Shrimp and Sweet Potato Cakes

These delicious shrimp cakes combine sweet potatoes and shrimp, pan-fried to perfection for a healthy and tasty dish.

Ingredients
  • 1 lb white shrimp, peeled and deveined
  • 1 large sweet potato, cooked and mashed
  • 1/2 cup breadcrumbs (whole wheat)
  • 1 egg, beaten
  • 2 green onions, chopped
  • 1 tsp paprika
  • Salt and pepper to taste
  • Olive oil for frying
Instructions
  1. 1. In a bowl, combine shrimp, mashed sweet potato, breadcrumbs, egg, green onions, paprika, salt, and pepper; mix well.
  2. 2. Form mixture into patties and heat olive oil in a skillet over medium heat.
  3. 3. Cook patties until golden brown on both sides, then serve warm.

Shrimp and Broccoli Pasta with Lemon Sauce

A light pasta dish featuring shrimp and broccoli tossed in a zesty lemon sauce, perfect for a healthy dinner option.

Ingredients
  • 1 lb white shrimp, peeled and deveined
  • 8 oz whole wheat pasta
  • 2 cups broccoli florets
  • 3 cloves garlic, minced
  • 1 lemon, juiced and zested
  • 2 tbsp olive oil
  • Salt and pepper to taste
  • Parmesan cheese for serving
Instructions
  1. 1. Cook pasta according to package instructions; add broccoli in the last 3 minutes of cooking.
  2. 2. In a skillet, heat olive oil, add garlic, and sauté until fragrant; add shrimp and cook until pink.
  3. 3. Drain pasta and broccoli, then toss with shrimp, lemon juice, zest, salt, and pepper; serve with Parmesan cheese.

Frequently Asked Questions (FAQ)

How should I store peeled and deveined shrimp?

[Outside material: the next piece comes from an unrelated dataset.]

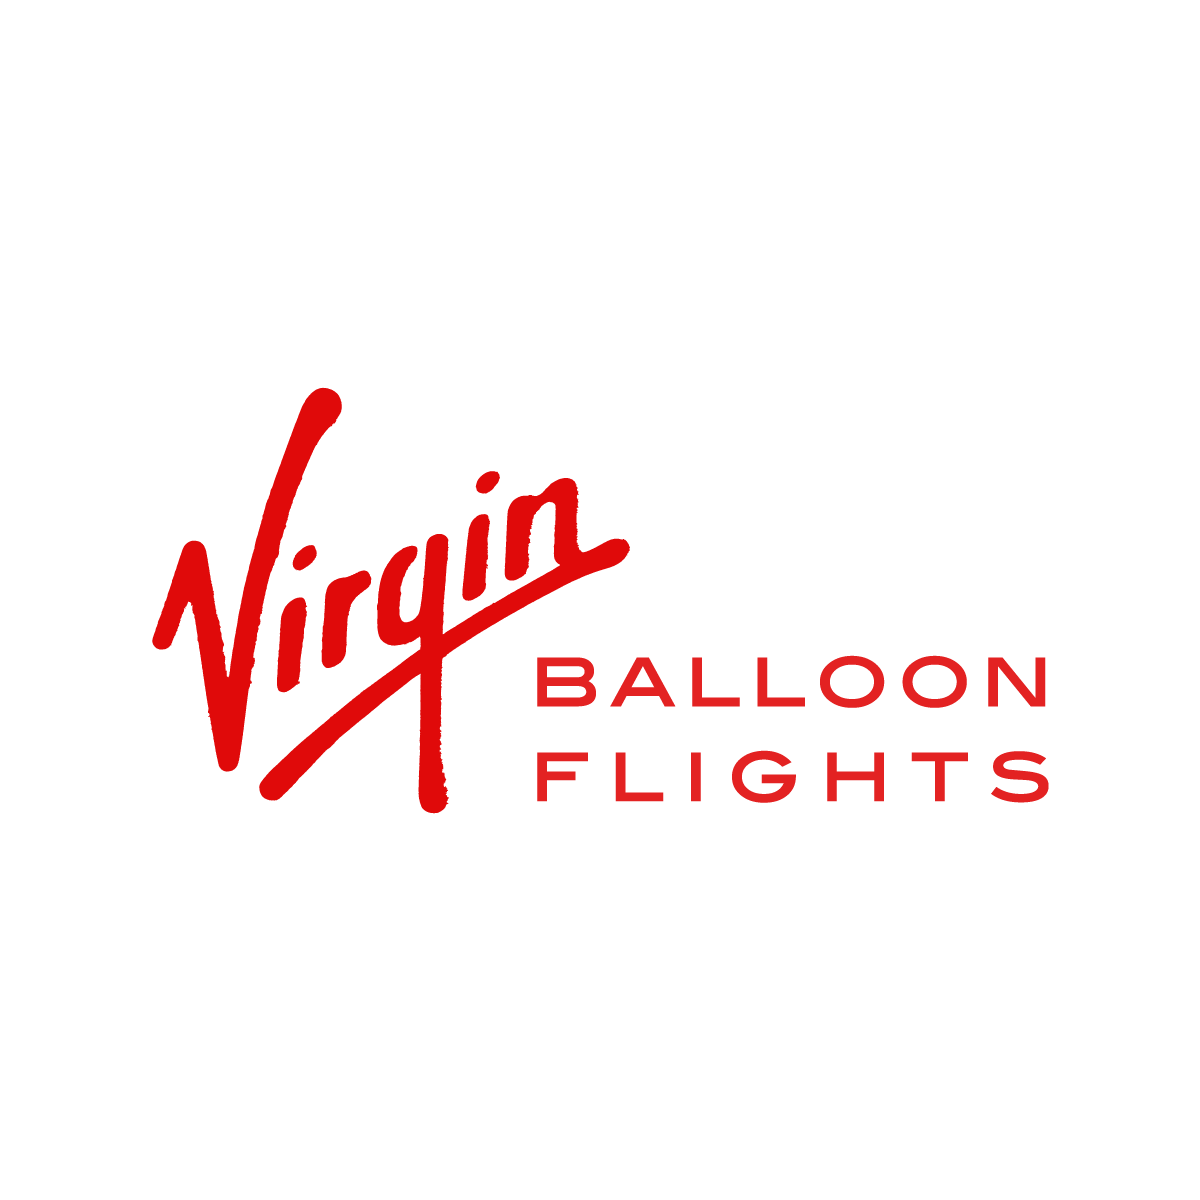 Virgin balloon flights logo

Store in the refrigerator at 32°F (0°C) and consume within 1-2 days. For longer storage, freeze them.

Can I eat shrimp if I have high cholesterol?

Yes, but moderation is key. Consult with a healthcare provider for personalized advice.

What is the best way to cook shrimp?

Shrimp can be boiled, grilled, or sautéed. Cook until they turn pink and opaque.

Are shrimp healthy?

Yes, shrimp are low in calories and high in protein, making them a healthy choice.

How can I tell if shrimp are fresh?

Fresh shrimp should have a mild ocean smell, firm texture, and translucent color.

What are the health benefits of eating shrimp?

Shrimp are rich in protein, low in calories, and provide essential nutrients like selenium and vitamin B12.

Can I eat shrimp raw?

Raw shrimp can carry bacteria and parasites; it's safer to cook them thoroughly.

What is the nutritional value of shrimp?

Shrimp are high in protein, low in fat, and provide essential vitamins and minerals, including selenium and vitamin B12.